On Orff's return to London, his new girlfriend breaks up with him. Orff turns down lucrative offers of work adapting the Orpheus story into a tacky cartoon strip and developing the myth into a pretentious film, and instead develops his own original science fiction comic strip. He cures himself of his Orpheus hallucinations by dropping the "head" into the Thames, and the slim memoir of this strange period of his life effectively becomes the third novel he has been trying to write.
Reception
The book was well received, with The Listener commenting: "in the course of this tour through the imaginative outback of Mr. Hoban's mind, we are treated to brilliant flashes of mordant humour, not to mention splendidly baroque evocations of present day London" while The New York Times remarked "There's a sense of wonder in these passages...a love of fantasy and myth-making, an interest in language and puns, and a concern with philosophic speculation and the pyrotechnics of storytelling."[1]

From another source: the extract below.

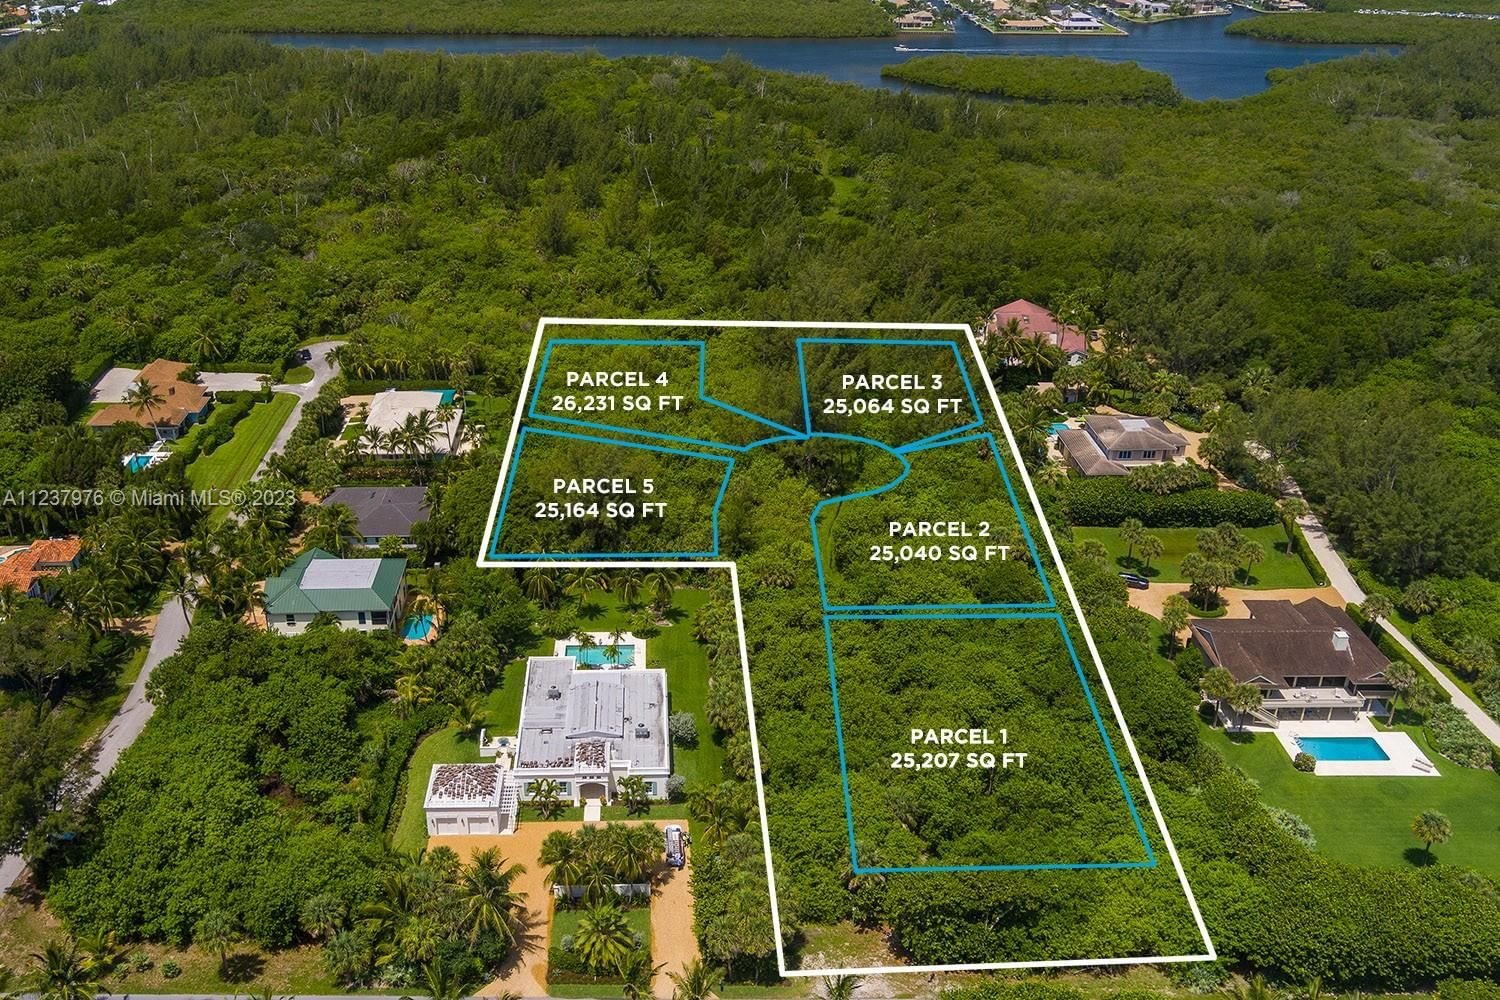 Real estate property located at 4 Bon Aire Desire Avenue, Martin County, Bon Aire Desire, Hobe Sound, FL

The Russell Hoban resource website The Head of Orpheus (named after the character in the book) comments[2], "for those of us who read a book not to get to the end of it, but rather to savor its humor, wisdom, eloquence and insight, The Medusa Frequency is a priceless treasure. The sort of book that may take a little concentration to get through the first time, but after that never manages to sit on your bookshelf long enough to acquire a respectable film of dust before you pull it down to re-read passages at random, or look up a particular line or incident that's stuck in your mind."